Please go line by line and repeat the data below exactly, with no images.

**EXERCISE DATA:**

⟨

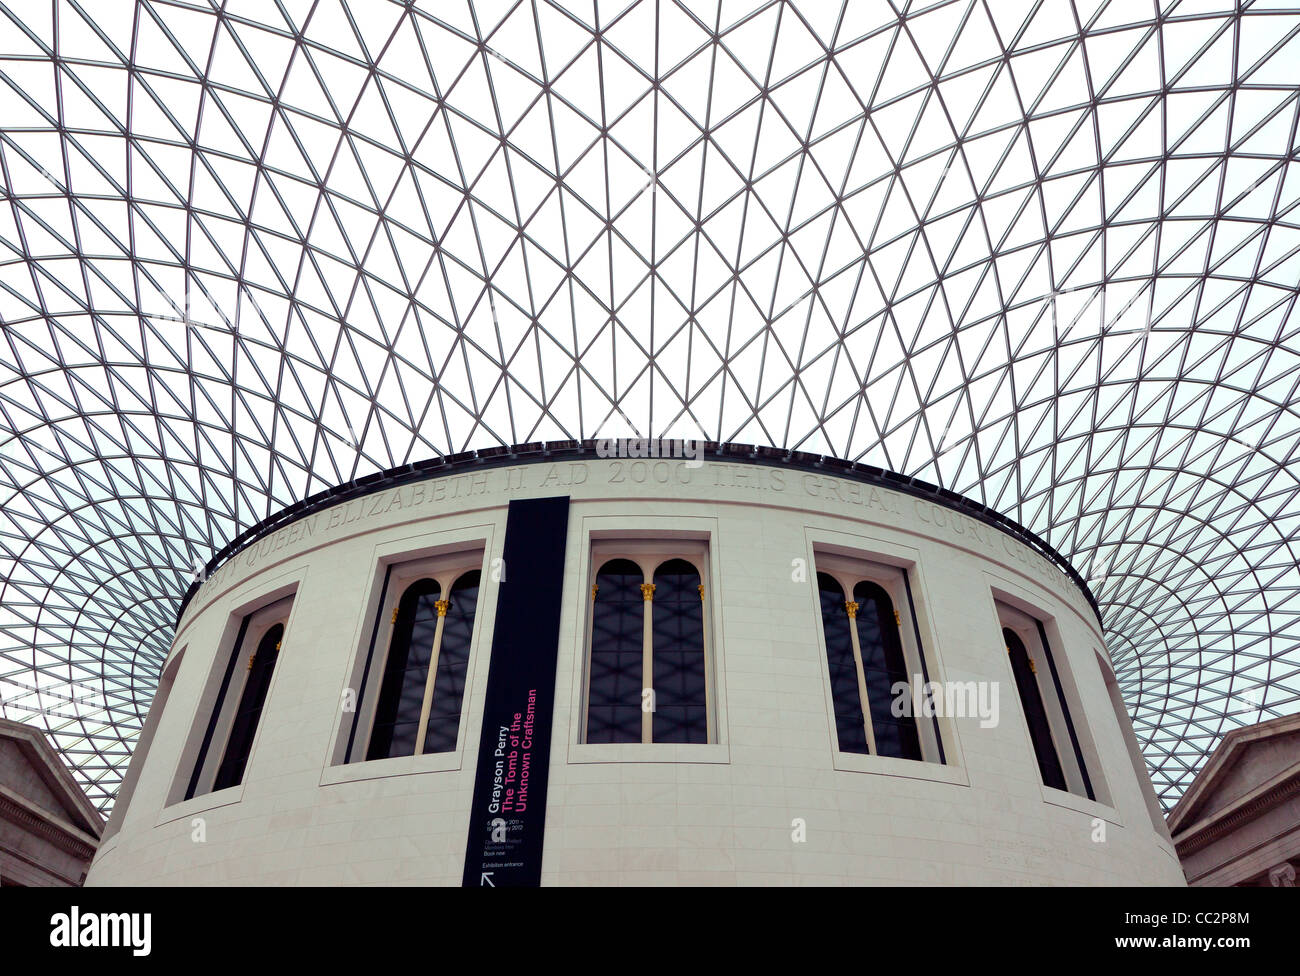 The British Museum, Great Court Ceiling, London Stock Photo
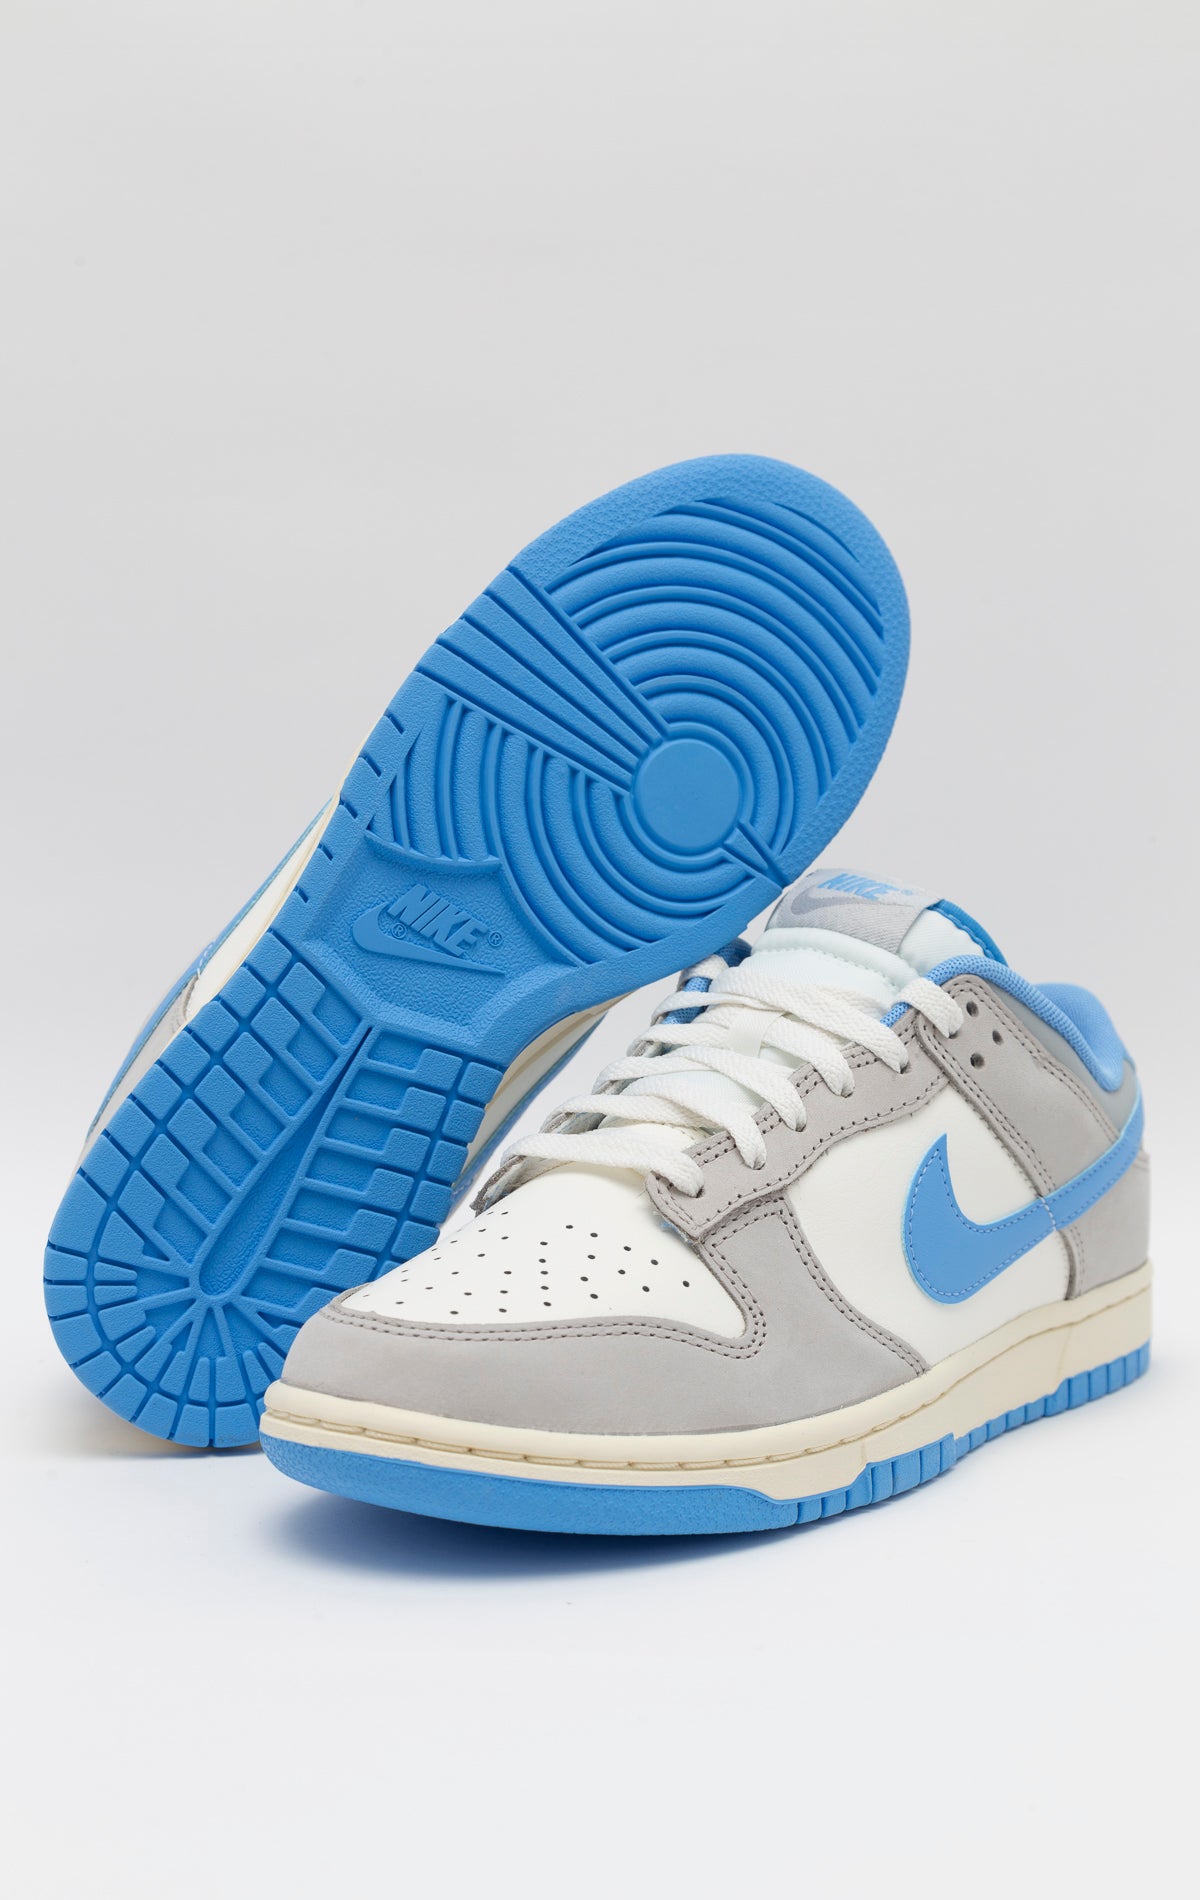 The Nike Dunk Low Athletic Department University Blue showcases a Light Smoke Gray upper with University Blue detailing. Made with high-quality leather and suede, it boasts both durability and fashion in a traditional low-top design. The padded collar, cushioned insole, and pivot point tread on the rubber outsole guarantee comfort. The Light Iron Ore EVA foam midsole offers impact defense. Iconic Swoosh logos can be found on both sides, and the tongue and heel tab feature Nike branding.
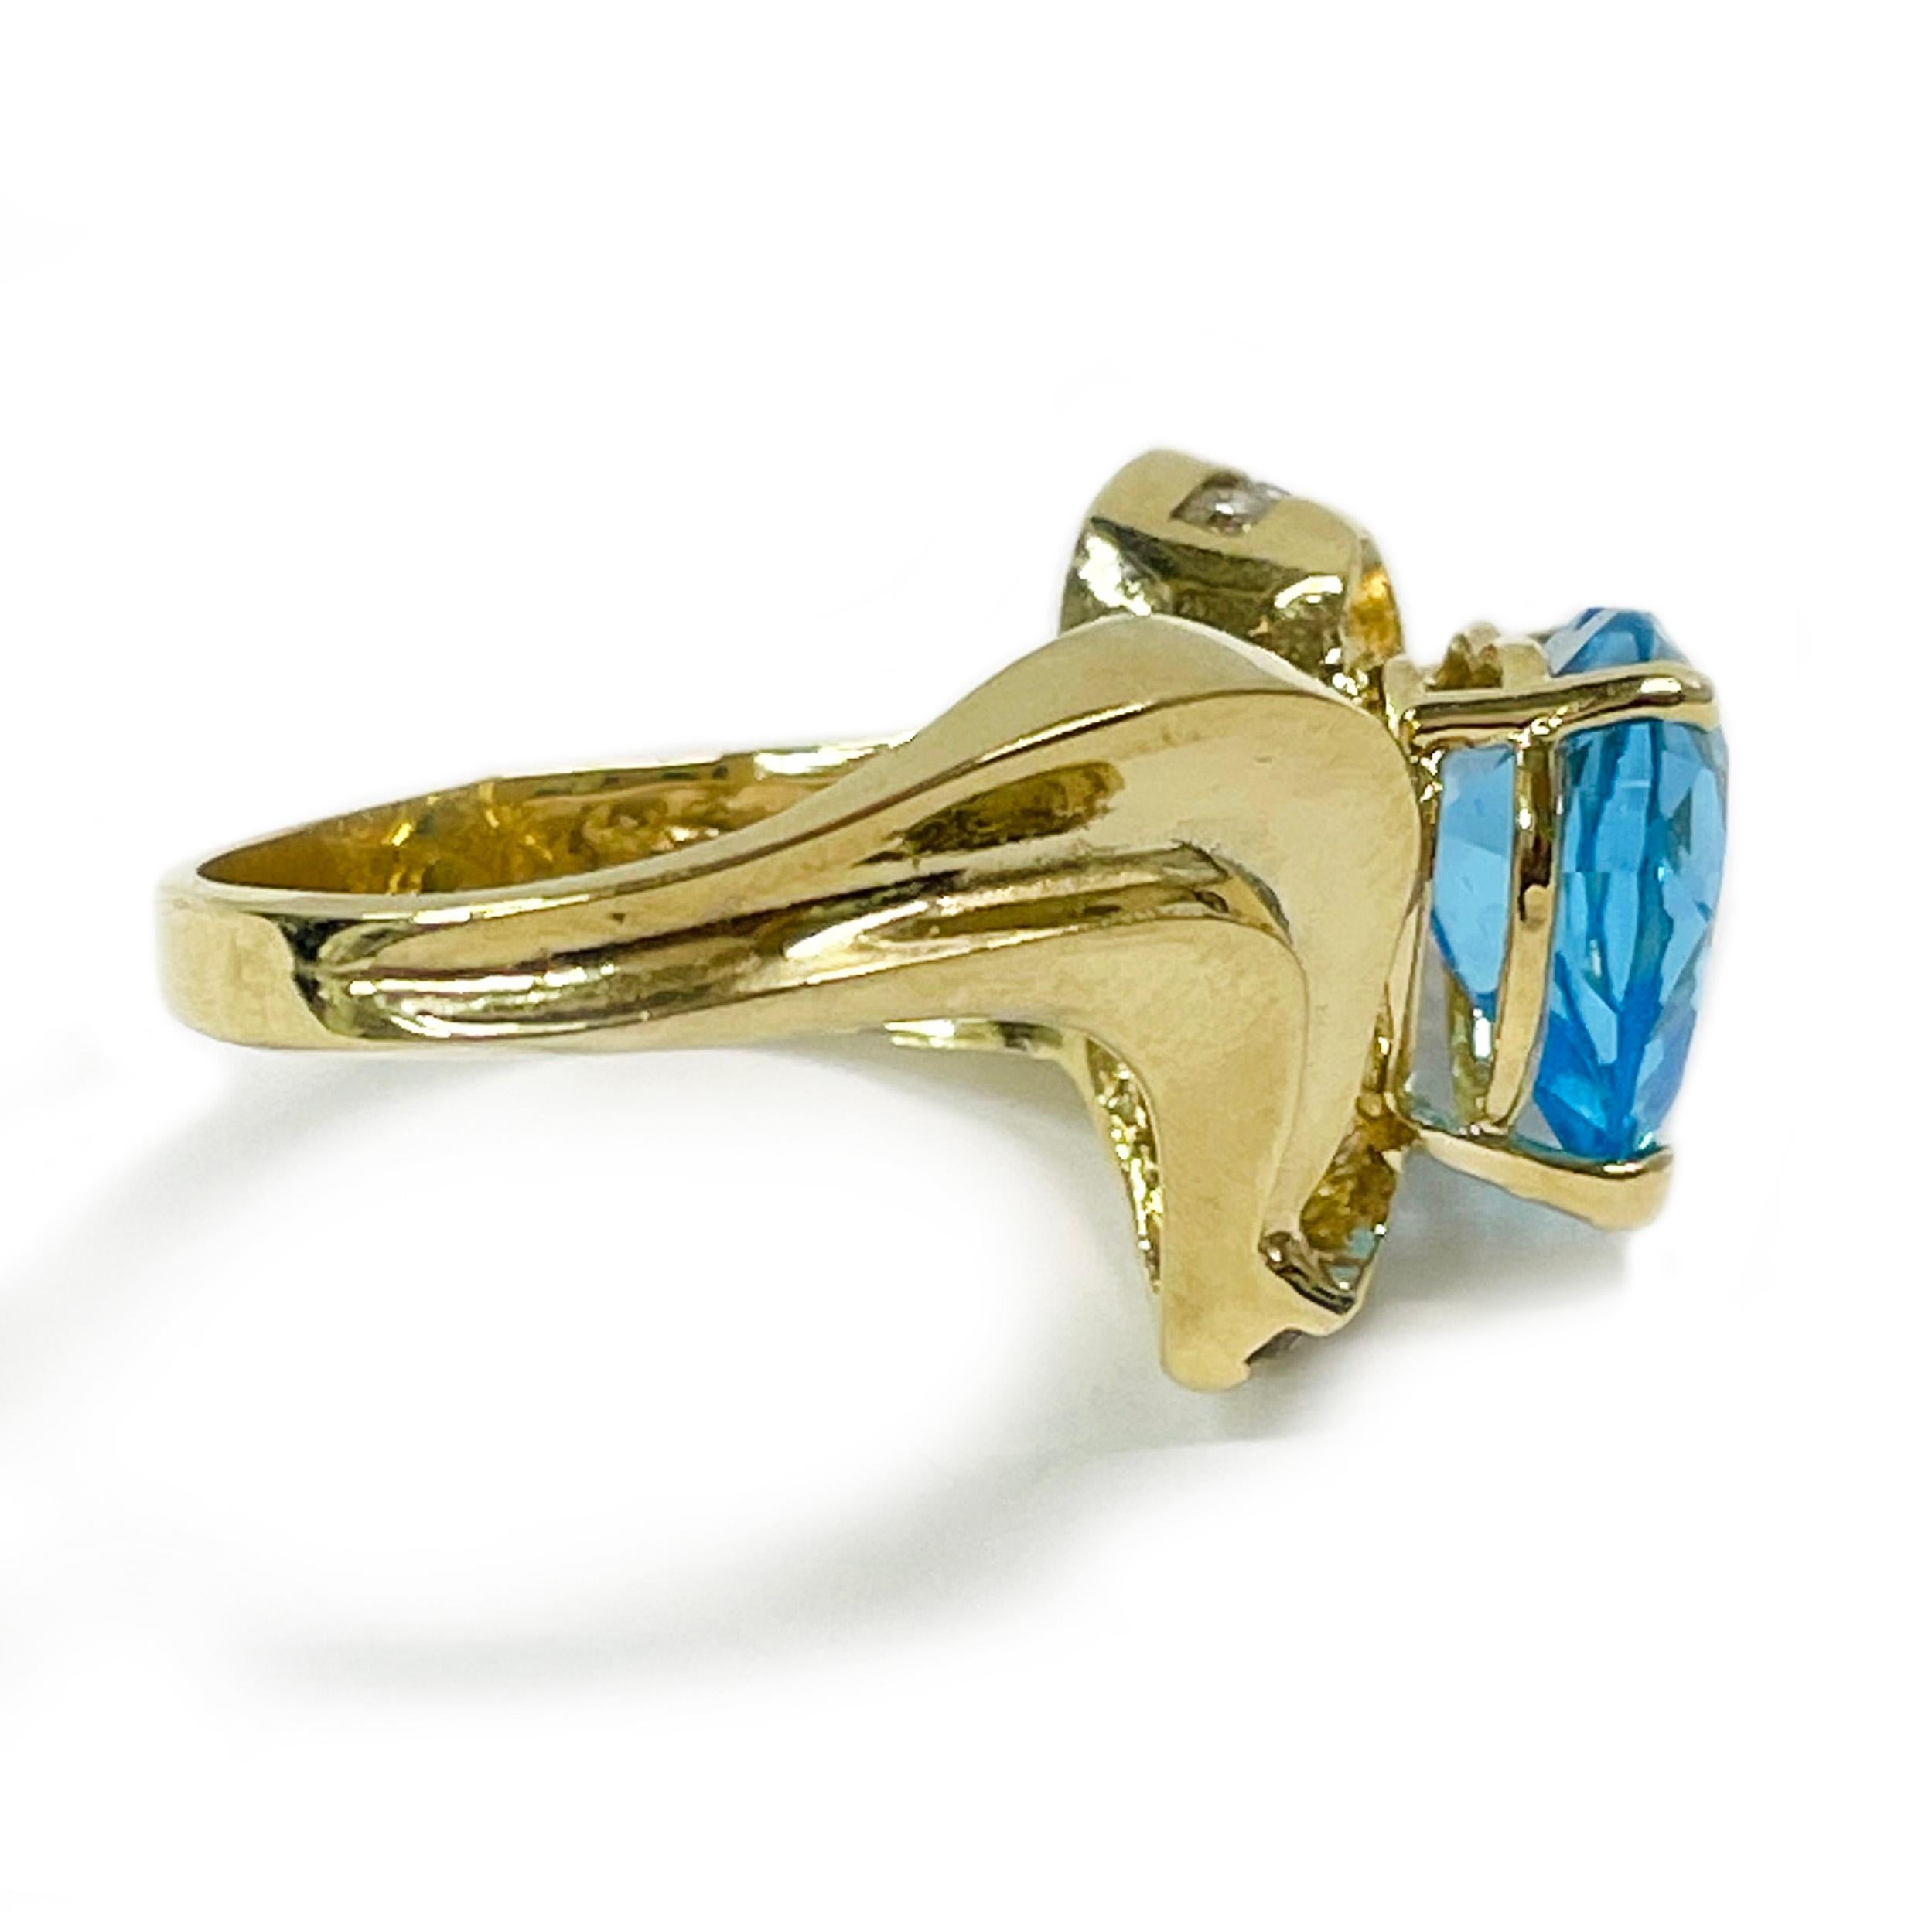 14 Karat Yellow Gold Swiss Blue Topaz Heart Diamond Ring. The ring features a 10 x 9.5mm heart-shaped Swiss Blue Topaz three-prong set on a raised gallery. Eleven round diamonds are channel-set on one side on a curved gold shape. The diamonds are

⟩

**EXERCISE RESULT:**
 The British Museum, Great Court Ceiling, London Stock Photo
 The Nike Dunk Low Athletic Department University Blue showcases a Light Smoke Gray upper with University Blue detailing. Made with high-quality leather and suede, it boasts both durability and fashion in a traditional low-top design. The padded collar, cushioned insole, and pivot point tread on the rubber outsole guarantee comfort. The Light Iron Ore EVA foam midsole offers impact defense. Iconic Swoosh logos can be found on both sides, and the tongue and heel tab feature Nike branding.
 14 Karat Yellow Gold Swiss Blue Topaz Heart Diamond Ring. The ring features a 10 x 9.5mm heart-shaped Swiss Blue Topaz three-prong set on a raised gallery. Eleven round diamonds are channel-set on one side on a curved gold shape. The diamonds are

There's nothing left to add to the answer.